I think the problem with my plants are that they aren't getting enough nutrients cause of the increased lighting according to this site:
http://www.csd.net/~cgadd/aqua/art_plant_nutrient.htm


----------



## John N. (Dec 11, 2005)

The extra lighting does increase the plant metabolism and makes it hunger for additional nutrients. So you're right, adding additional nutrients would benefit the plants. During this, I wouldn't stagger the light bulbs with different watts in your case. One side of the tank will continue have problems, since the bulbs are localized. 
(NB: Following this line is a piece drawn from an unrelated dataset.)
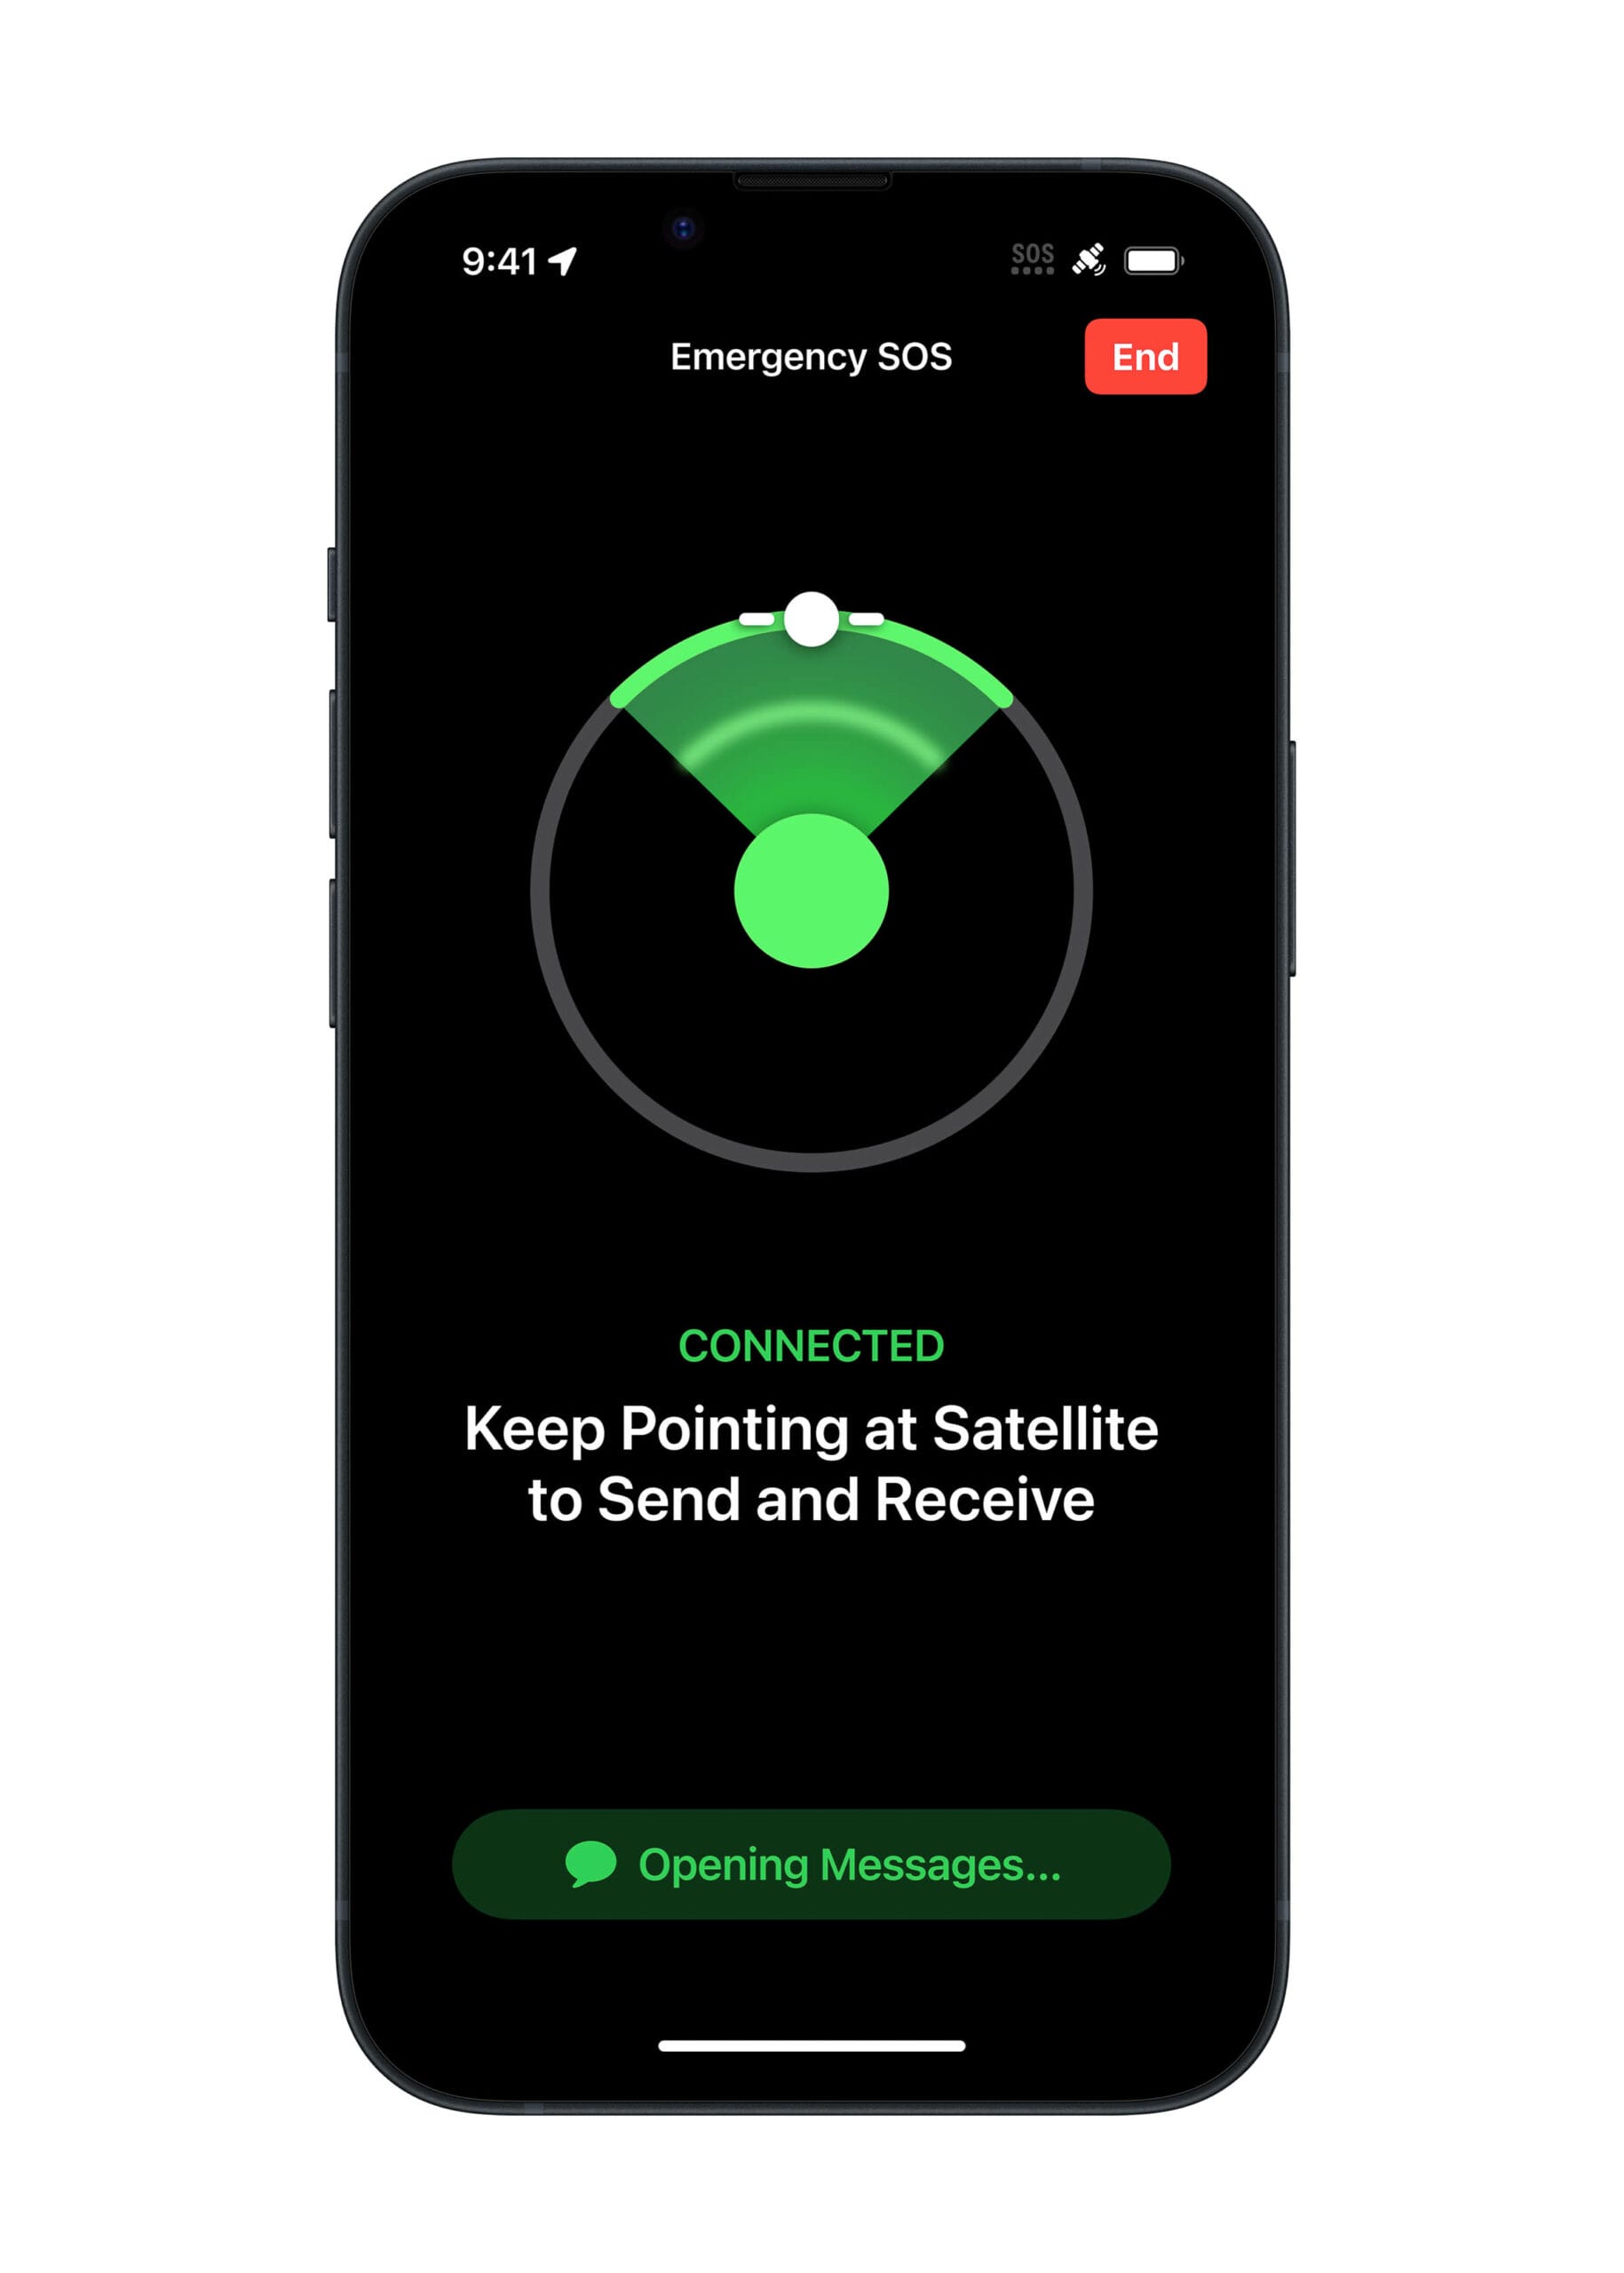 emergency sos via satellite, screenshots, apple,
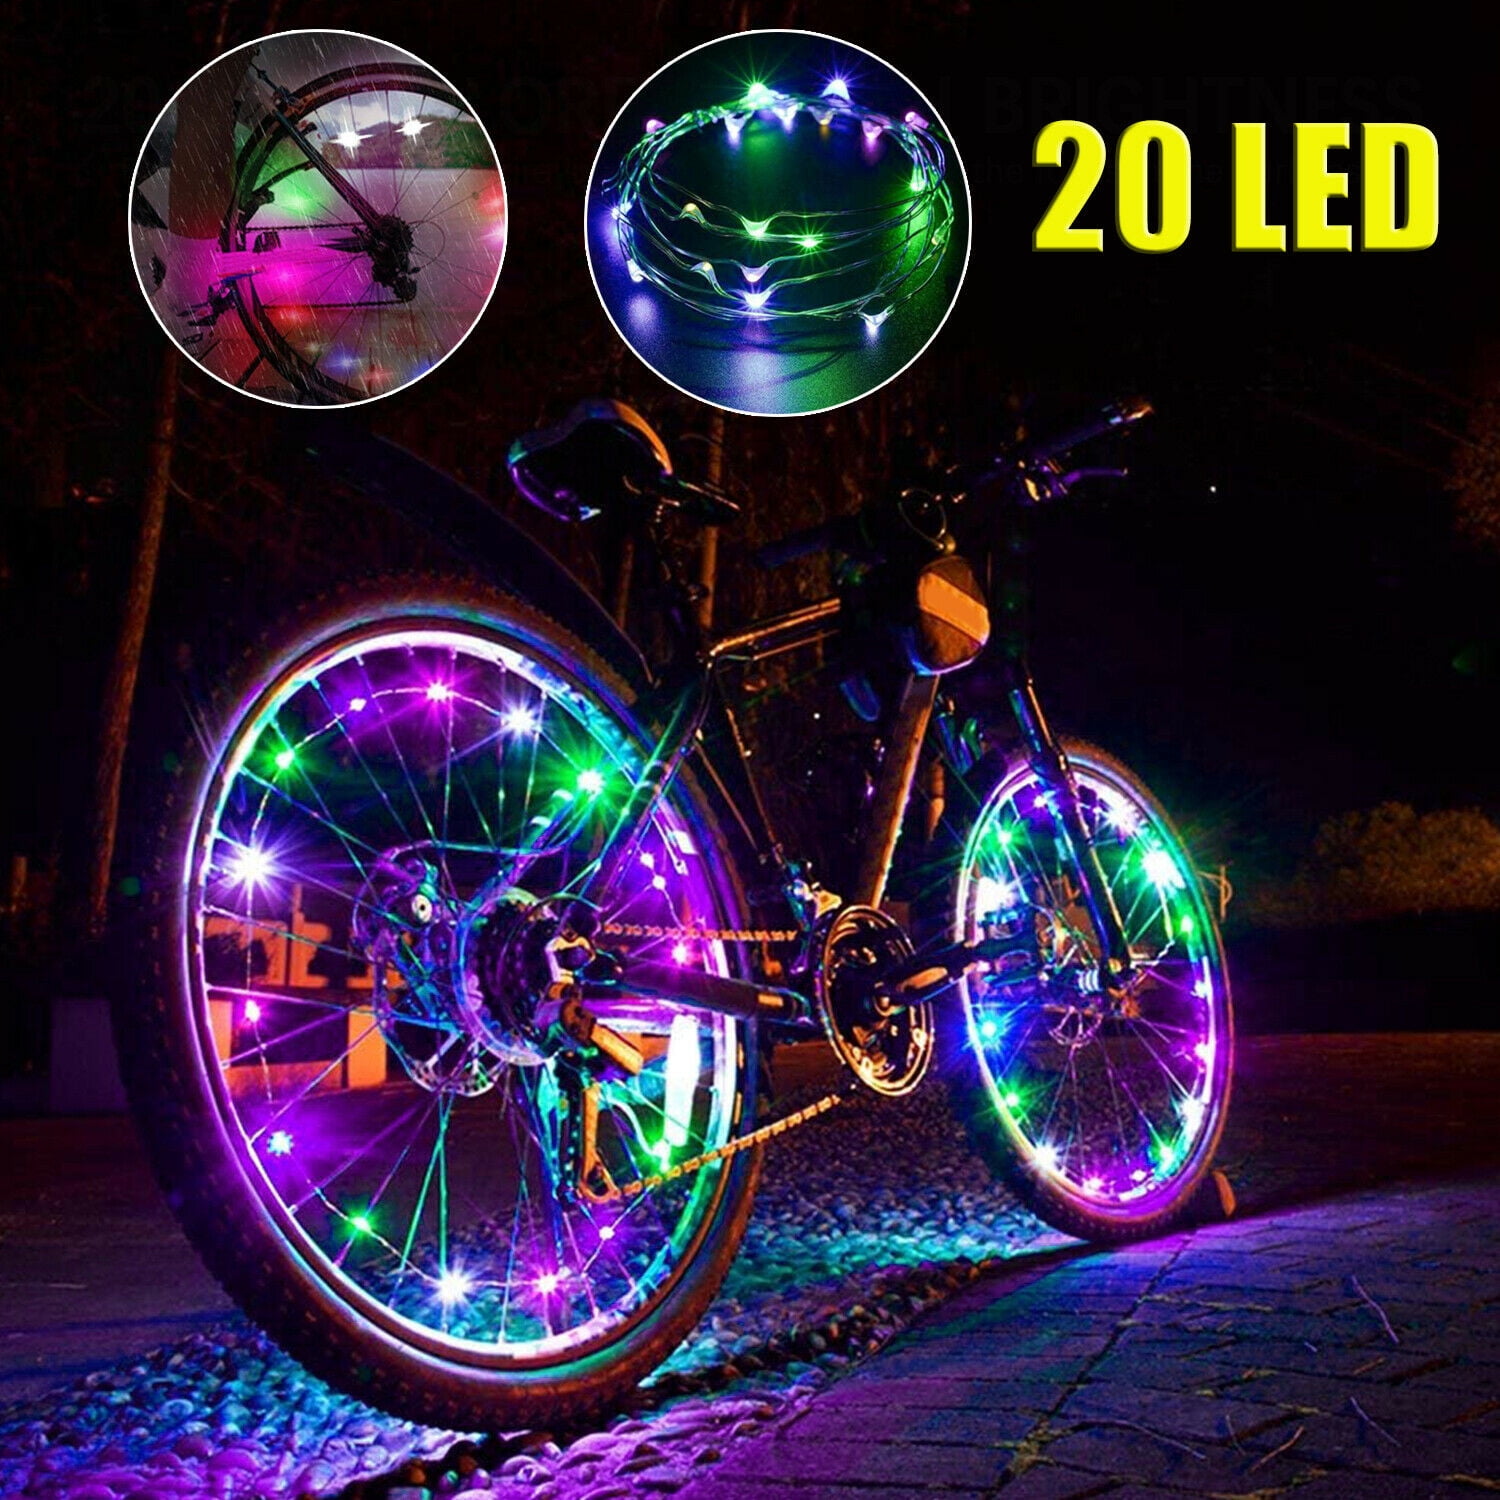 Led Bike Wheel Lights -Waterproof Bright Light Strip (2M), Safety Lights, Cool Kids Accessories, Light Up Lightweight - Walmart.com

Specific ferts: additional KNO3 and Trace elements will help remedy the nutrient deficiency. Good Luck. 

-John N.


----------



## Bert H (Mar 2, 2004)

At 4wpg you need some sort of carbon supplementation, be it with CO2, or Excel. I didn't see in your posts whether this is so or not. Keep in mind high light is like a race car - everything needs to run smoothly or you end up against the wall.


----------



## finfollower (May 27, 2004)

yeah, i'm overdosing excel by twice the recommended dosage. should I dose more? Also, I am using just normal Flourish about twice a week. According to the site I have iron and/or potassium and nitrogen deficiencies. thanks for the advice guys.


----------



## Bert H (Mar 2, 2004)

Unless you're dealing with algae issues, I see no need to od Excel, just dose according to directions and it's fine for carbon supplementation. As you have discovered, you do need to dose the macro elements to your tanks along with the micros, which you are adding with the Flourish. Check out the sticky in the fert forum for some basic guidelines to start you out with.


----------